Center for Biomedical Research Excellence in Microarray Analysis

The human genome has been decoded, but the real work begins now: to discover the function of the genes and their interaction in order to find drugs to cure diseases. One of the main tools in order to do this is the use of microarrays which are the focus of our proposed center. The purpose of the Center will be microarray analysis and all the components will work closely with one another. The goals of the Center will be to create in Puerto Rico the research capacity to make a significant contribution to microarray research which is an essential component of modern computational biology. Our approach will be multidisciplinary with the purpose of serving the microarray area, but including tools from mathematics, statistics, electrical engineering, and computer science.
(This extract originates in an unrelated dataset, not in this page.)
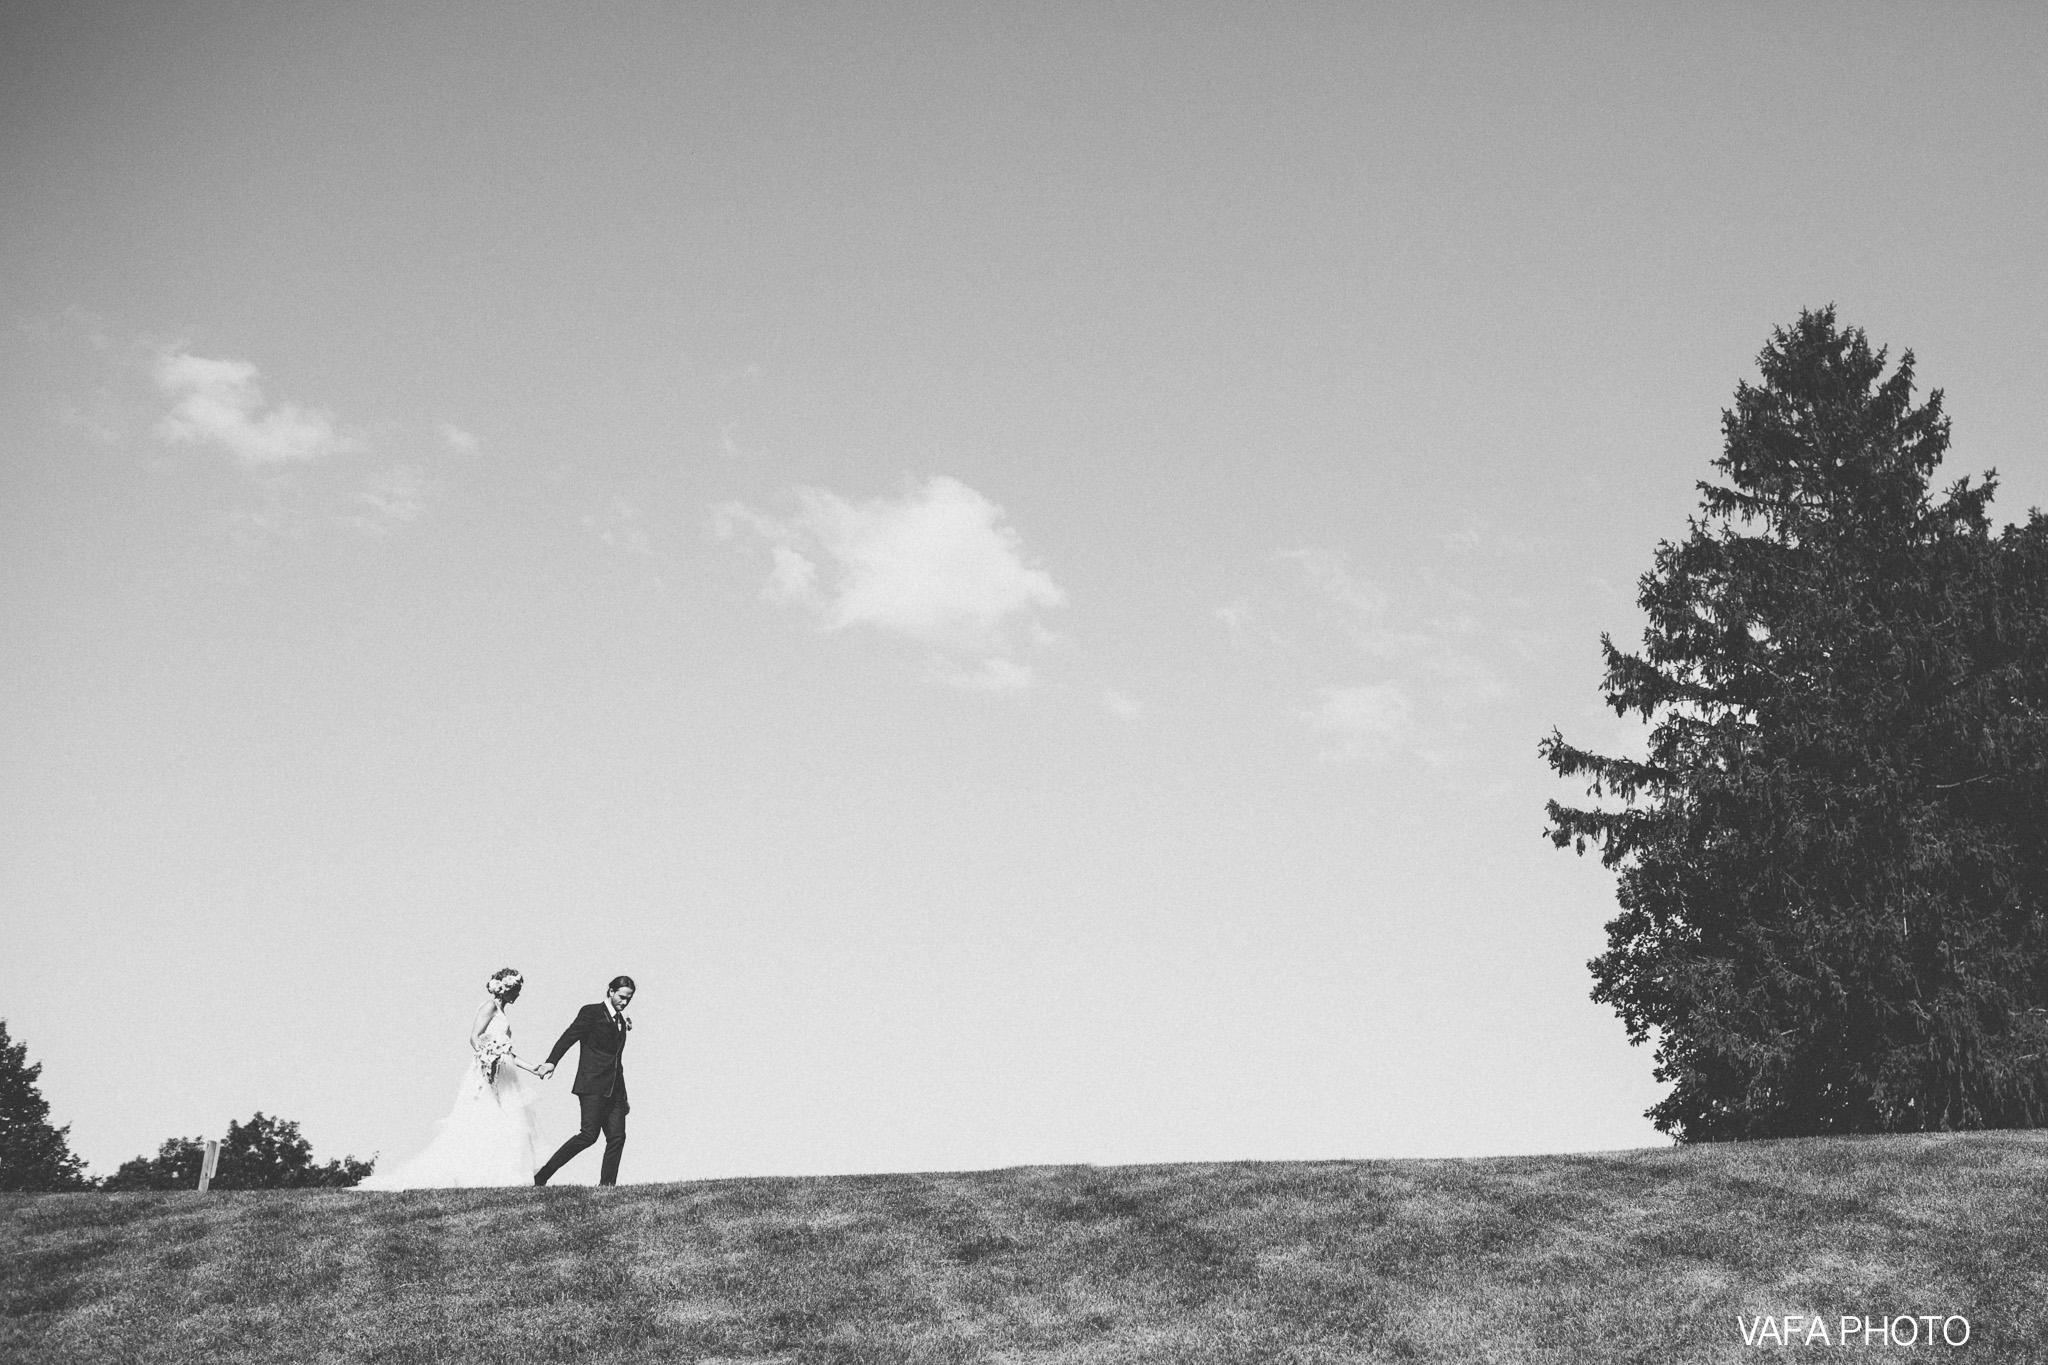 The-Felt-Estate-Wedding-Kailie-David-Vafa-Photo-594.jpg
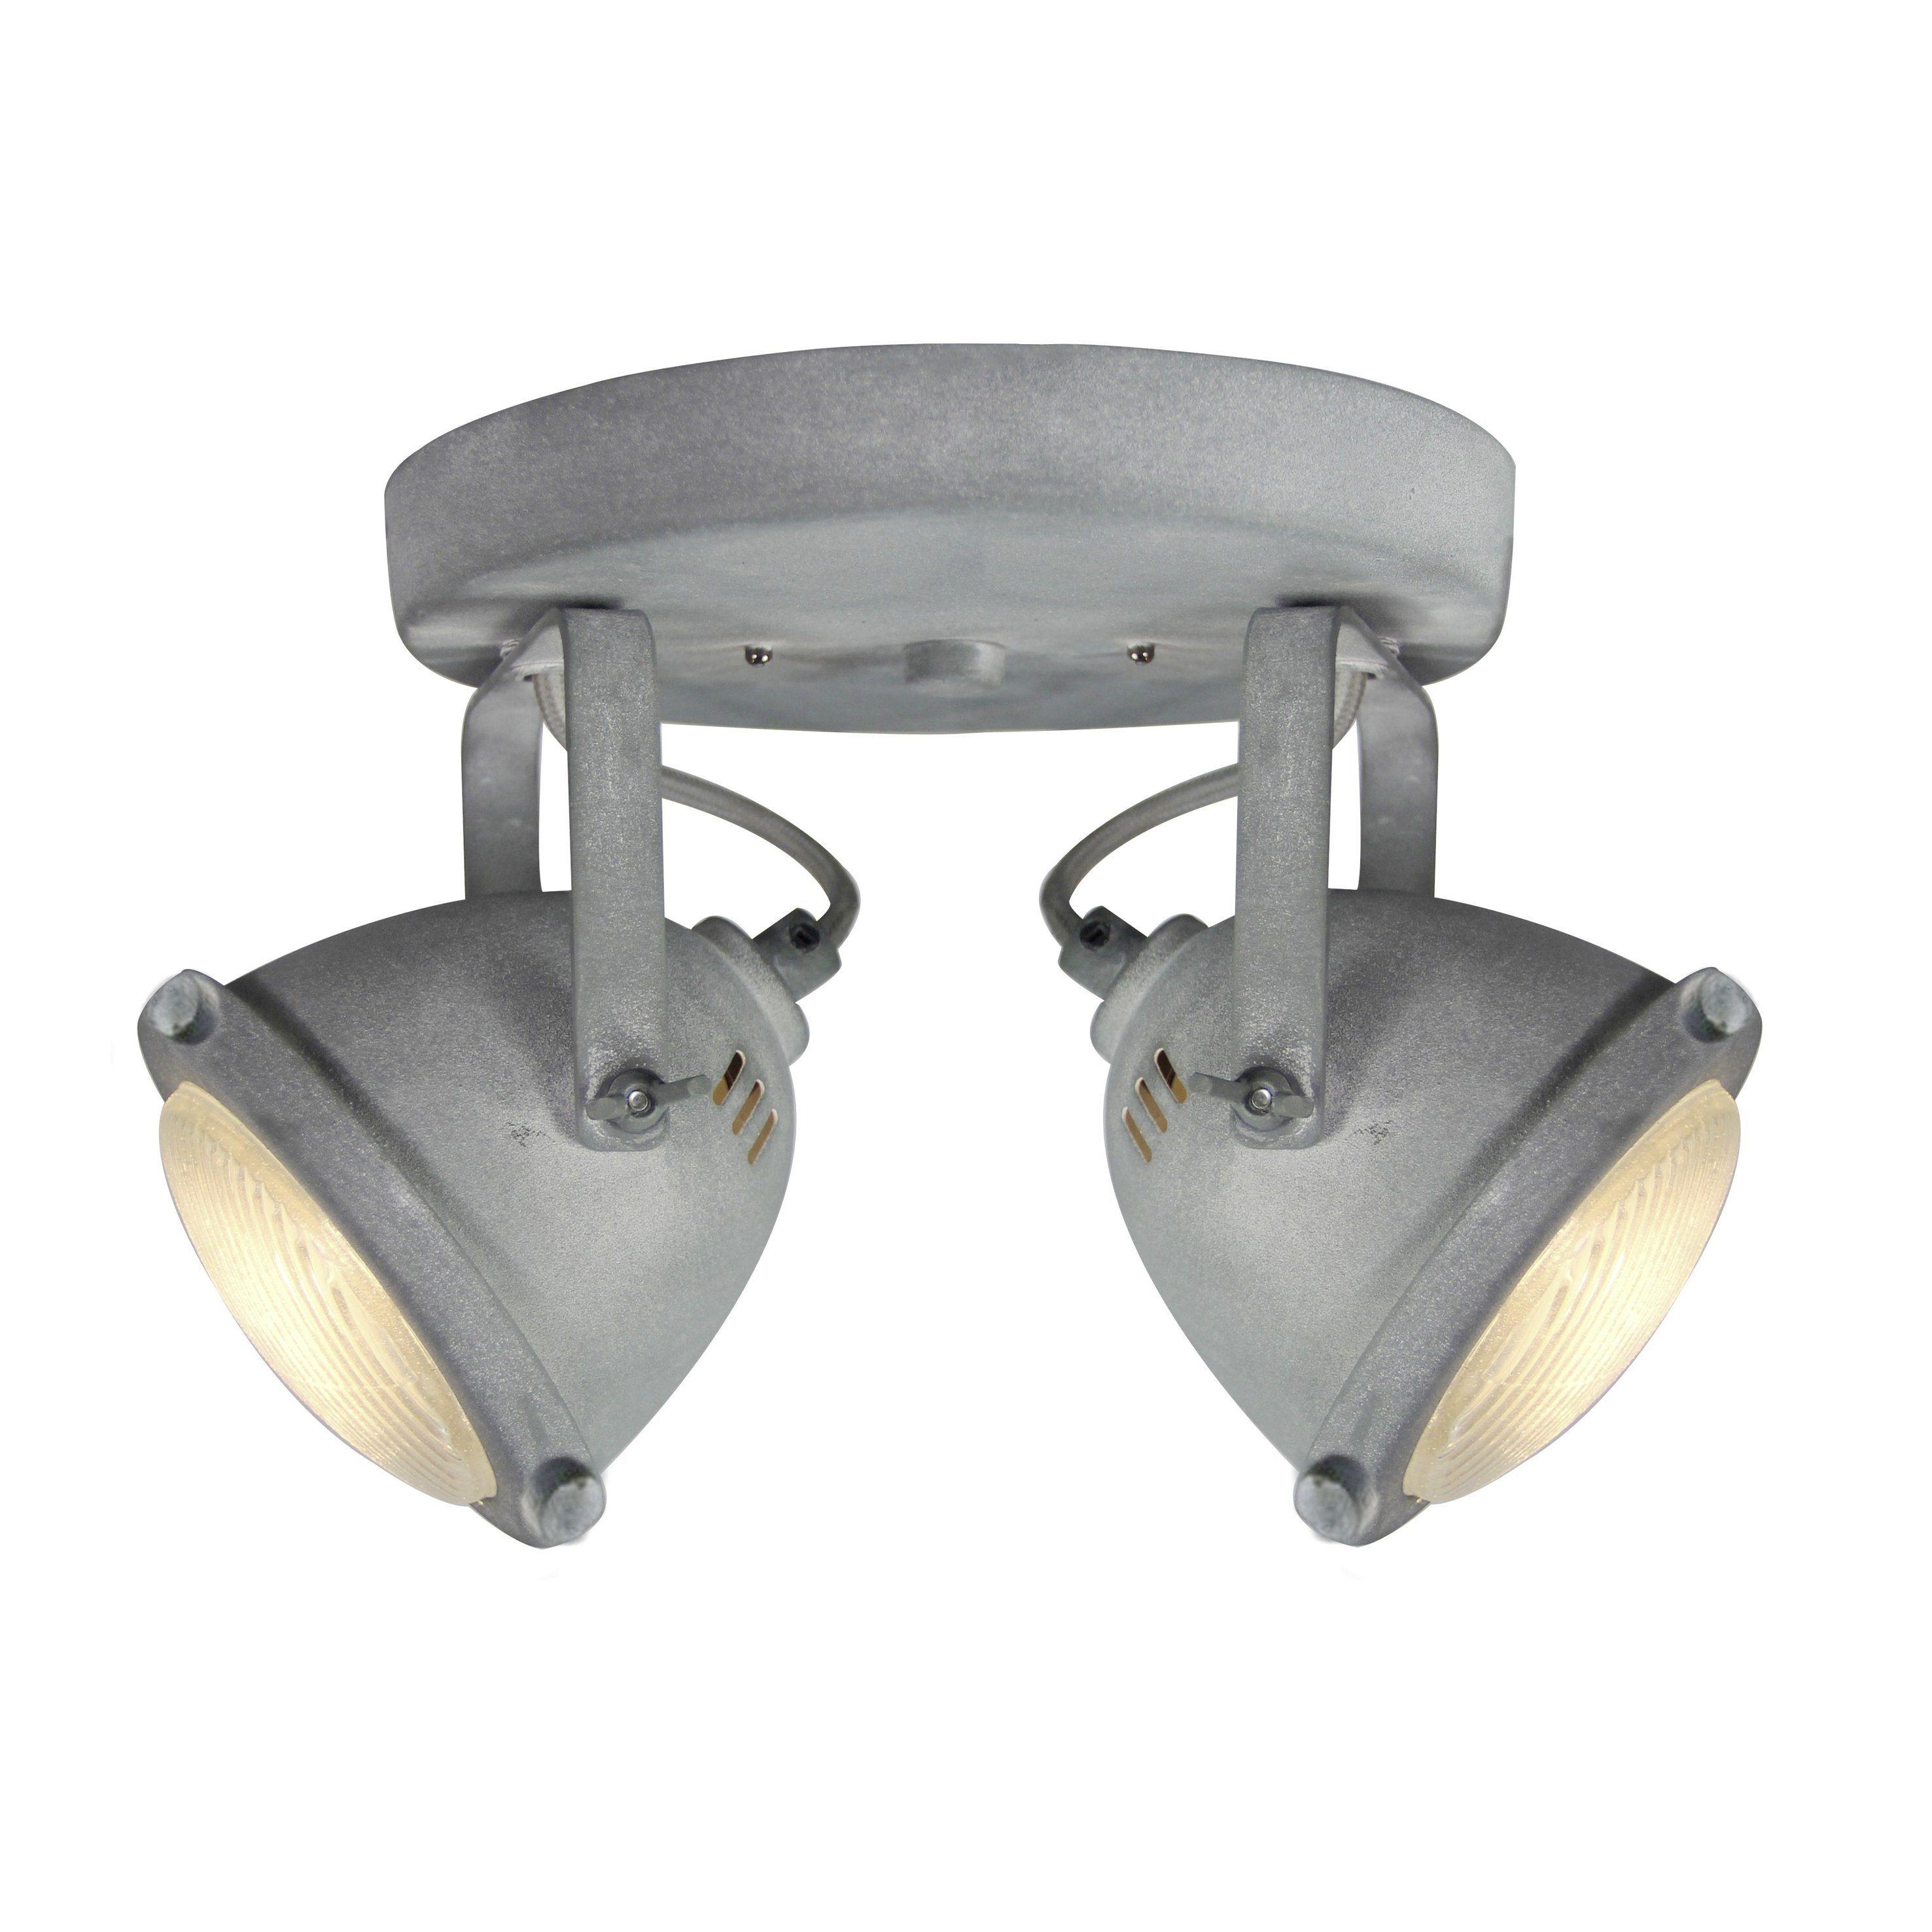 Brilliant Leuchten Carmen LED Spotrondell, 2-flammig grau Beton

The center will leverage several existing initiatives in the UPR system. First, several of these projects are extensions of proposals first submitted as PR-BRIN Research Awards. Second, we will make extensive use of the HPCf's Bioinformatics Resource Center of the PR-BRIN to perform our computational analyses. Third, the research will have a direct impact on research being performed at the COBRE Microarray Facility in UPR-RRP.

The first project deals with the design of mathematical models for the reverse engineering problem, and their simulation and testing. The second project will use the mathematical models developed in the first project, and build specific networks, including an error-correction capacity. The third project takes a statistical approach to the analysis of microarray data. The fourth project looks at microarray analysis from the perspective of image processing and databases.

In order to create a permanent infrastructure for the future of research in our area, an important goal of the project will be the design of a PhD in computational biology and a research institute including a component in computational biology. Dr. Ricardo Gonzalez UPR-RCM, has established a relationship with Dr. David Deerfield, Director of the Biomedical Initiative at the Pittsburgh Supercomputing Center, which we intend to develop into a close collaboration.

Simulation and reverse engineering problem of genetic networks.

The reverse engineering problem consists of: given a set of gene expression data construct a particular model (in the given model class) that is consistent with the data. The simulation problem is: given a model, observe its behavior and compare to gene expression data from real networks.

We will work in both directions. We will develop mathematical models (like sequential dynamical systems) and their properties. We propose to study some algorithms that will be applied for describing relationships in genetic networks with a large number of genes, in particular, "continuous time recurrent neural networks". This algorithm is used in Reverse Engineering of Genetic Networks from time course data. A genetic dynamical system is a time-discrete dynamical system. That is, a finite dynamical system moving from continuous states to a finite set.

We are proposing to develop mathematical models of example gene expression regulatory networks in two experimental organisms: the bacteriophage Lambda and the fly Drosophila melanogaster. In addition, we will test models on the learning and memory datasets developed in Dr. Sandra Peña's microarray laboratory.

Bacteriophage Lambda, a lysogenic phage of Escherichia coli, can proceed through either of two alternative life cycles following infection of the host bacteria. Lambda can enter the reproductive lytic cycle (by replicating its genome, expressing its genes, and releasing assembled phage) or the integrative lysogenic cycle (by recombination with the bacterial host genome followed by replication along with bacterial cell division). Control of these alternative possibilities is achieved by a molecular mechanism involving the regulation of expression of several key genes and the stability of expressed gene products. Mathematical models will be developed to simulate this relatively simple genetic system (a simple regulatory network).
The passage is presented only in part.